From the first high schooler on down, I have diligently kept course descriptions current--with the exception of the year a baby was born in MAY! 

I have learned to:

Write course descriptions when the young adult begins the course (even if just the bare minimum is known: textbook, reading materials, anticipated experiential opportunities) and add significant educational highlights throughout the year. When I waited until the end of the year to write the whole description, I forgot some of the most beneficial learning blessings he experienced, no to mention getting my head above the project was monumental, or at least it seemed so when I felt I was drowning.

             Keeping current has saved me time and headache. 

I have to remind myself course descriptions tell the stories of the courses detailed on the transcript. It is the document college admissions personnel will reference as they consider offering admission and need more information to differentiate one student from another. A course description is not an outline of the course and will be less likely to read if lengthy. Course descriptions are chapter summaries, hitting the highlights, offering the concepts learned, the teaching methods and resources used, and exceptional experiences in which the student participated.

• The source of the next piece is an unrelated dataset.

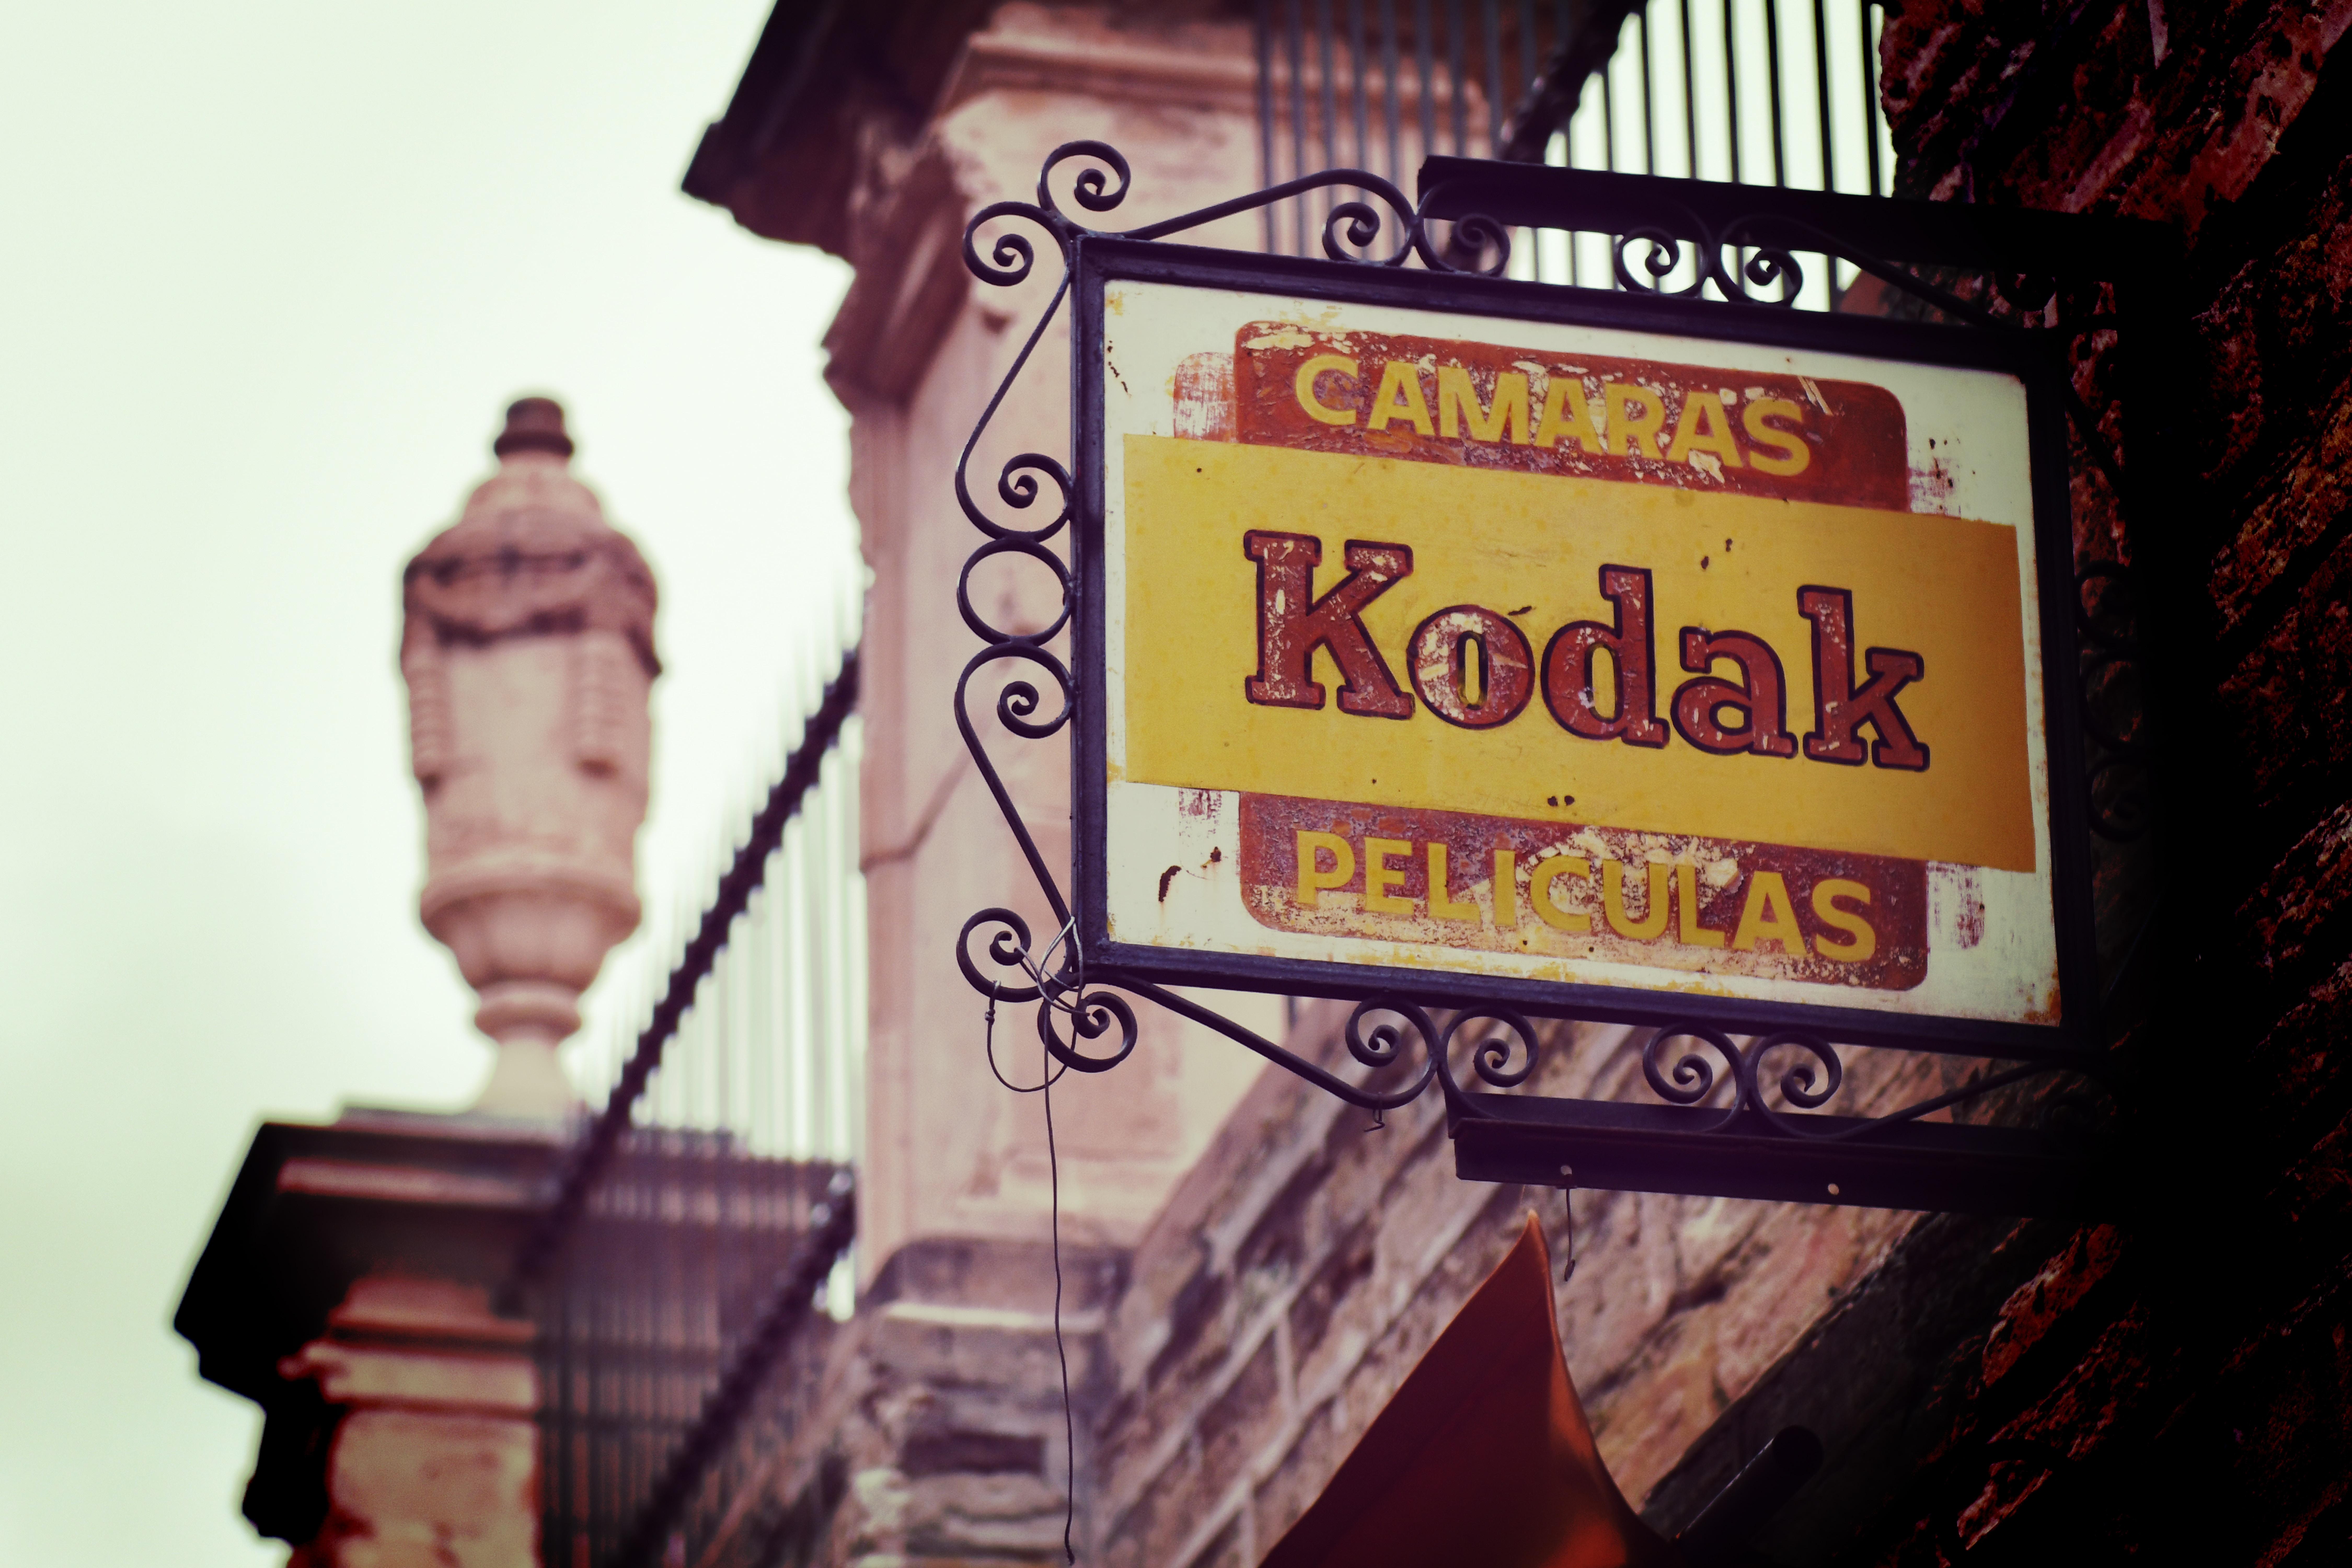 closeup photo of Kodak sign

To capture the most significant, record keeping is essential.

Course descriptions are especially important if the parent and young adult are designing unique courses, courses not typically offered on local school campuses or courses not generally taught in high schools, for example Introduction to Equine Science, Survey of the Building Construction Industry, or Care and Concerns of the Elderly.

When I don't record regularly, I forget valuable additions. In our busy years, I found it helpful to open the course description document and add bullet points which I can revisit later and edit into cohesive sentences. Tackling course descriptions in this manner helps me remember important details and keeps me excited about what my young adult is accomplishing. When it is not in front of me, I tend to forget. 

I constantly must remind myself there are many ways to accomplish learning (this is true even of the state standards- the standard can be met with very different and unique methods). For example, think about American History. If two of the many learning goals for a high school level American History class are to understand the causes and consequences of the Civil War and the effects on the American people, and to understand the causes and consequences of World War II in the United States and abroad, the learning possibilities of how a student will understand those concepts is vast and plenty. Chapters in a text could be read and summary questions answered. On a family vacation up the East Coast of the United States, the family could visit and tour eight Civil War battlefields and National Parks and compare what actions were taken and who was involved at each location. The student could attend a local WWII veteran's meeting and listen to the stories shared by the members. Perhaps the local library hosts a presentation by surviving Tuskegee Airmen who share their wartime experiences from the perspective of African Americans serving during WWII (actual event we attended and it was AMAZING!). And then there are the plethora of primary source documents and biographical materials which could be read. Not only can the same learning goals be accomplished, but learning with this type of diversity allows young adults of different learning styles to retain information they might not otherwise remember. It is these exceptional and unique opportunities which can be highlighted in course descriptions, should a high schooling family choose to prepare this document or a college require it for admission. 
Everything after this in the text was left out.